I'll hold off for merging for the time being to let you make these changes. I suppose I could make them myself but it'd make my life easier if you could do them 😅

[kylekatarnls]

I made a trait, because the extensions arrays and setters are standalones, applicable on similar extendable mappings, and to avoid bloating much more the X509.php. But I see it's yet very big, maybe you don't care too much about splitting responsibilities?

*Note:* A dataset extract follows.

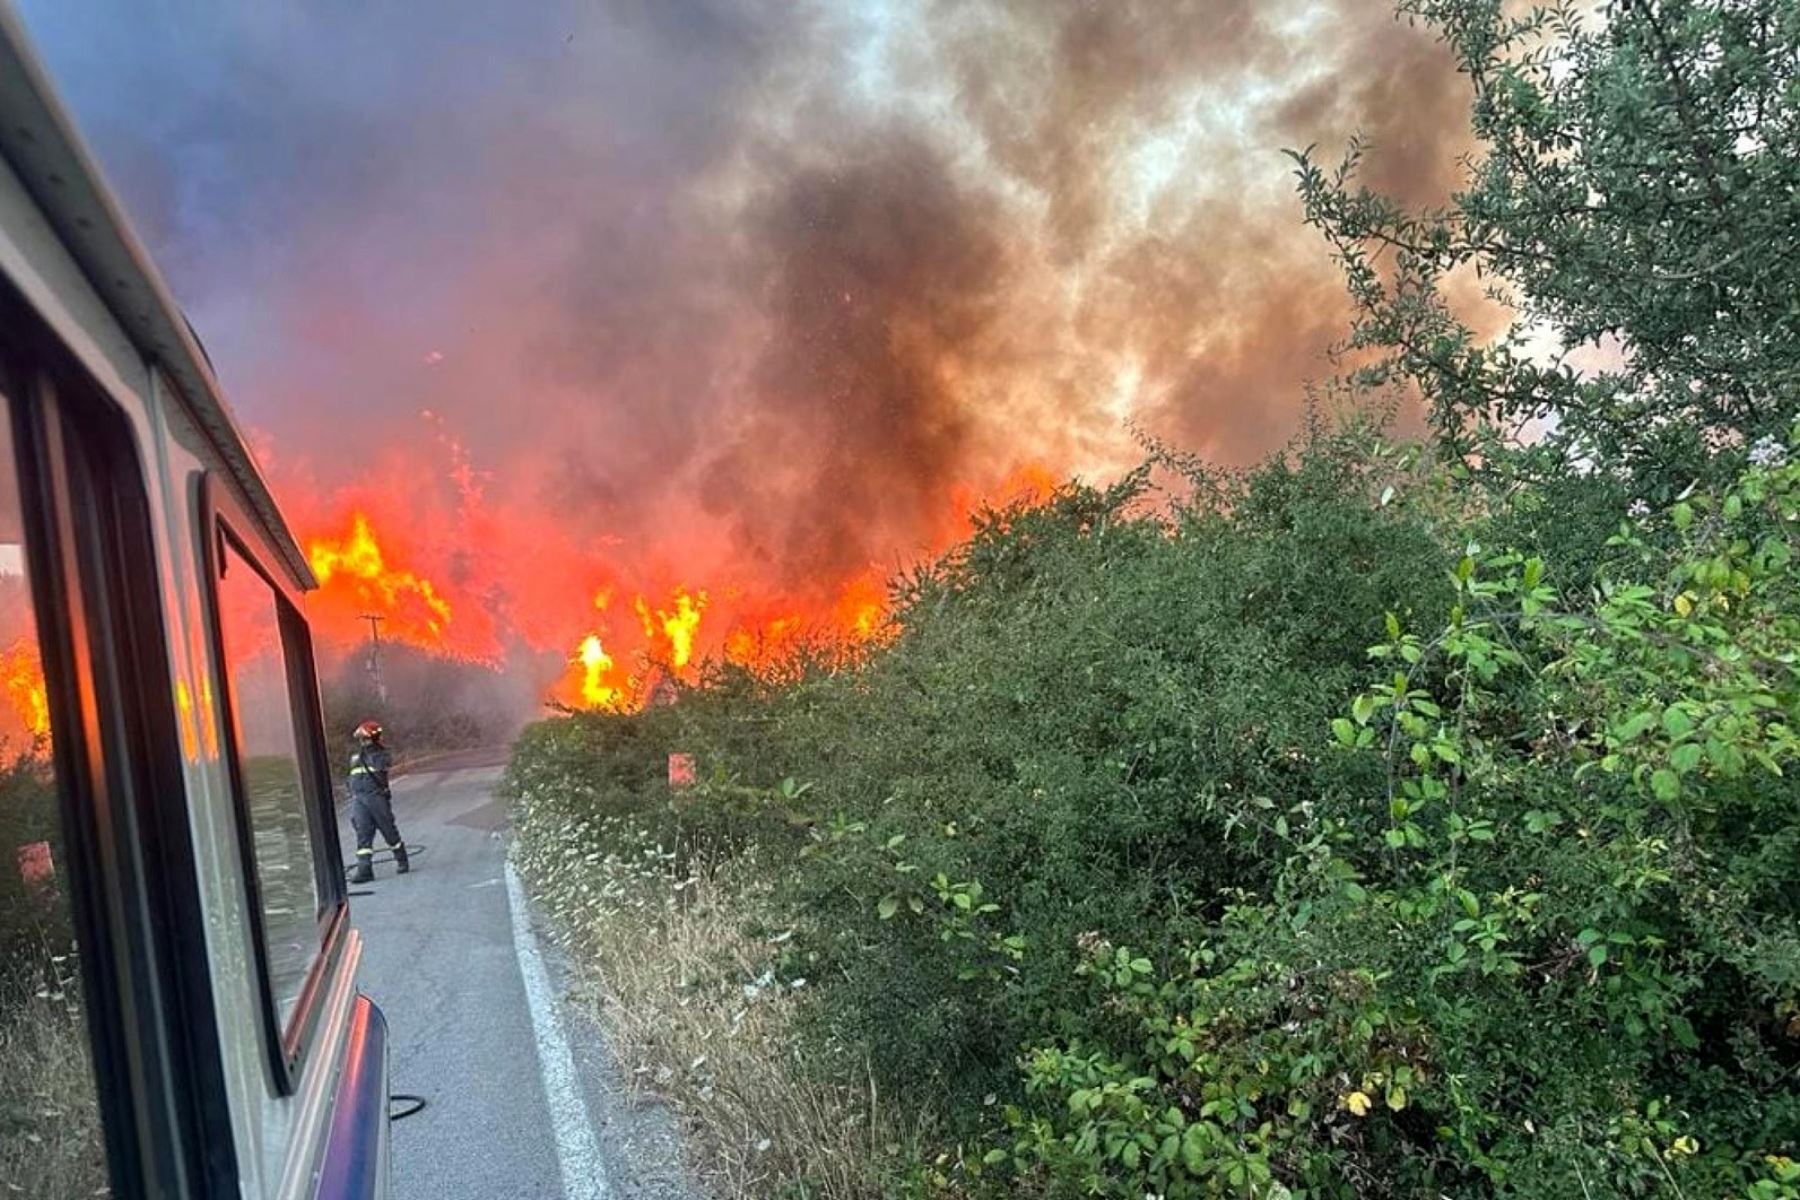 Italia se encuentra en sus días más complicados a causa de incendios devastadores y tormentas

About the exception. I would be fully agree if ASN1::$oids (and so $extensions) were not static. So it would be fair you handle an instance and can't register twice on it. But in the many contexts it can apply, to work with a custom extension you would have no choice to register it globally. If 2 libraries foo and bar implements the same custom extension (following the same specifications) they will work smoothly using only one or the other in an application but not both if an exception is thrown while they would actually be compatible (assuming those libraries have more code to run after the registerExtension() call, user-land will have no way to properly catch it.

It will also make more painful unit testing when using such custom extension.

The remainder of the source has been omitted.